Exhibits 2a & 2b Assumptions
Exhibits 2a & 2b
I limited data to the most frequented entry-stations [Exhibit 1] and separated riders into two groups based on entry times.
1.gen group = 1 if time == tc(18:54)//<-- Peak [6:54 - 6:59 pm] 2.replace group = 2 if time == tc(19:00)//<-- Off-Peak [7:00 - 7:05 pm]
I compared the average number of riders in group 1 to group 2 by destination station.
1.ttest rider_count, by(group) unequal 2.gen pvalue = r(p_l)
(The average for each group was taken from 387 observations. This derives from 9 observations/day, i.e., one from each of the most frequented entry-stations [Exhibit 1] over 43 days. For observations with no riders, zero counts were inserted as these instances are omitted in the original data. The visual representation aggregates rider counts from the nine most frequented entries.)
The null hypothesis we’re testing is whether mean rider volume to a particular exit-station is equal between groups (last period of peak / first period of off-peak). This is actually a stricter standard than required considering ridership trends downward over this time period. (so we’d expect mean rider volume to be less in group 2 if the fare change had no influence over travel time decisions)

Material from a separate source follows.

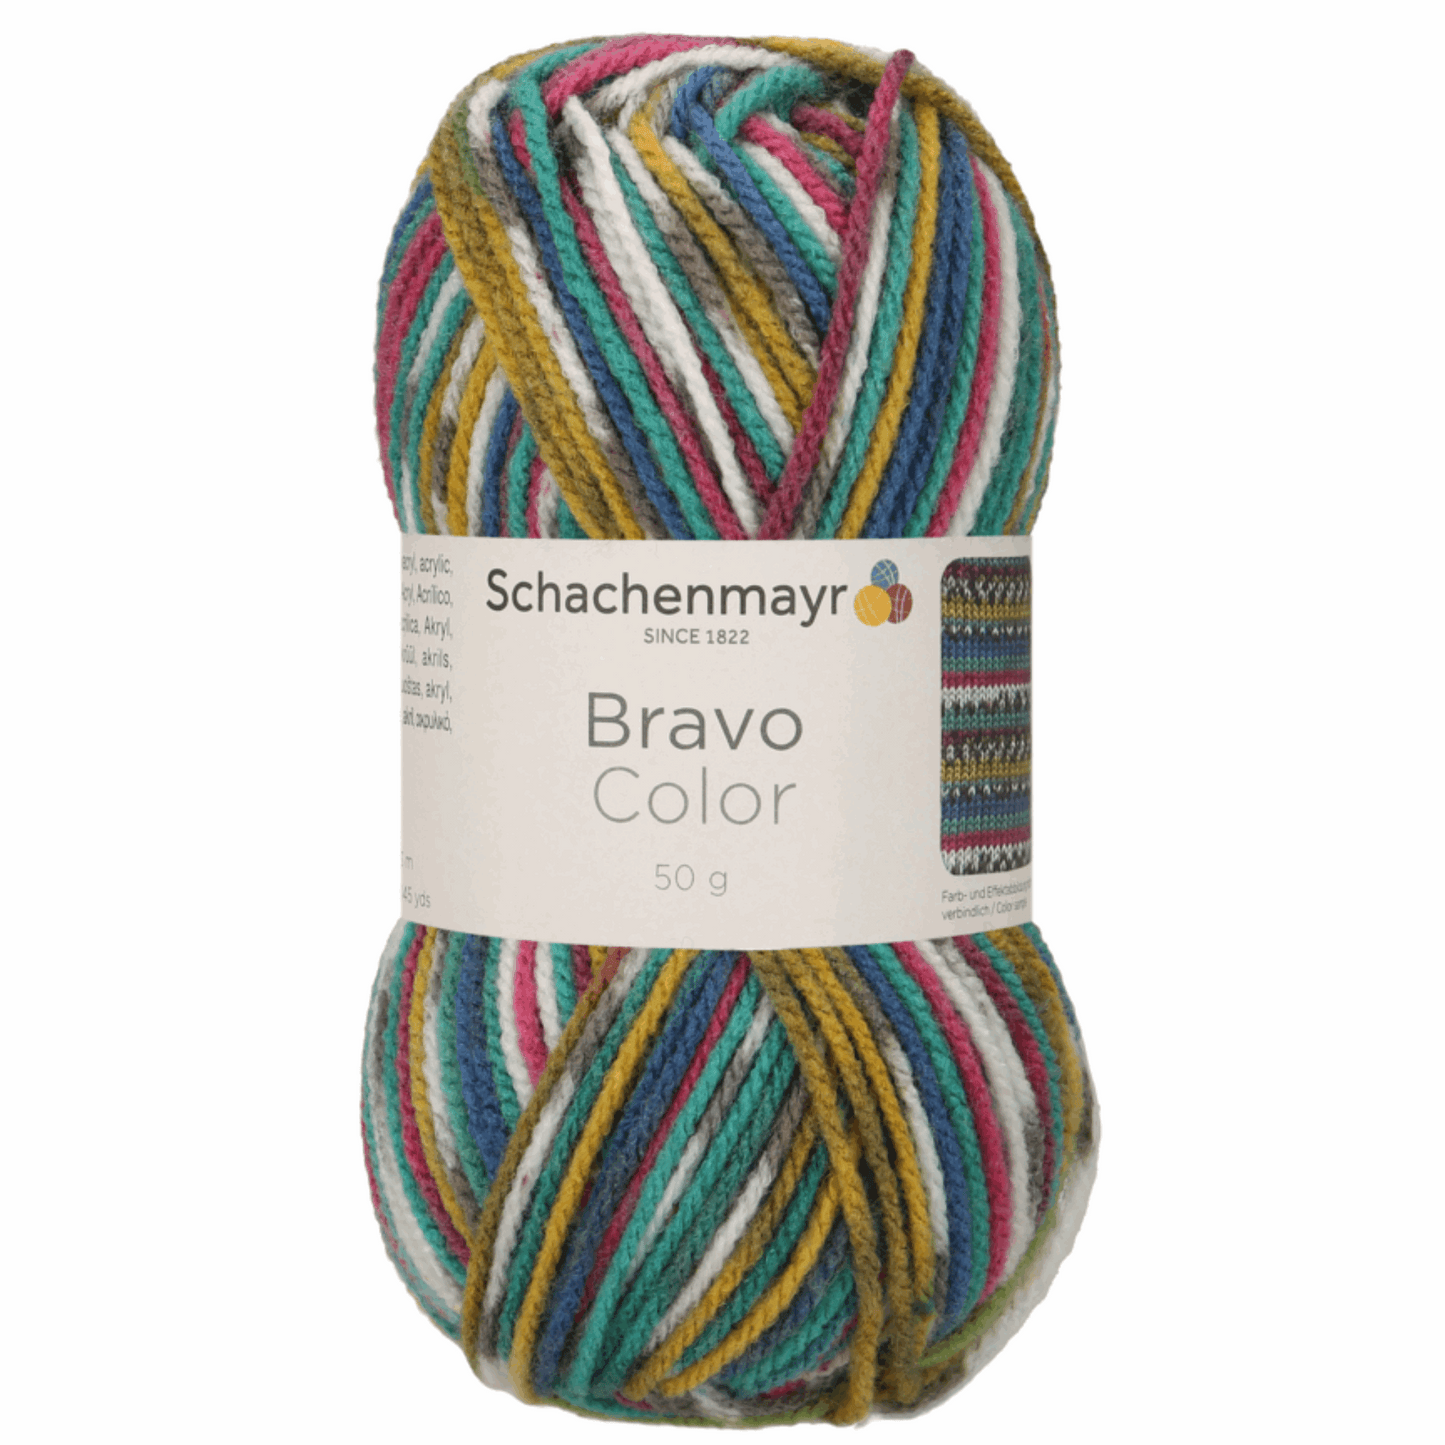 Schachenmayr Bravo Color 50g, 90421, Farbe Jeans Jacquard 2084

Still, the one-sided p-value produced by the test indicates that fifteen exit-stations are destination to significantly more riders beginning their trip at 7:00–7:05 pm compared to 6:54–6:59 pm. So for these exit-stations, there’s a less than 1% chance we’d see such heavy upward trending ridership randomly.
(Black Lines / Grey Lines)
Besides identifying these fifteen exit-stations of interest, the p-value allowed me to rank all exits based on their likelihood of being a destination where riders were influenced by the fare change. For simplicity, Exhibits 2a and 2b show the top nine ranked exit-stations (all with p-values < 0.01); the bottom nine stations also appear on Exhibit 2a.
The ‘natural pattern of expected ridership’ is simply a line of best fit, found by regressing unsmoothed average rider data over the afternoon period of declining ridership. Specifically, the time period used was 5:18–7:30 PM. This begins at the smoothed data peak [Exhibit 1] and extends until ridership flattens.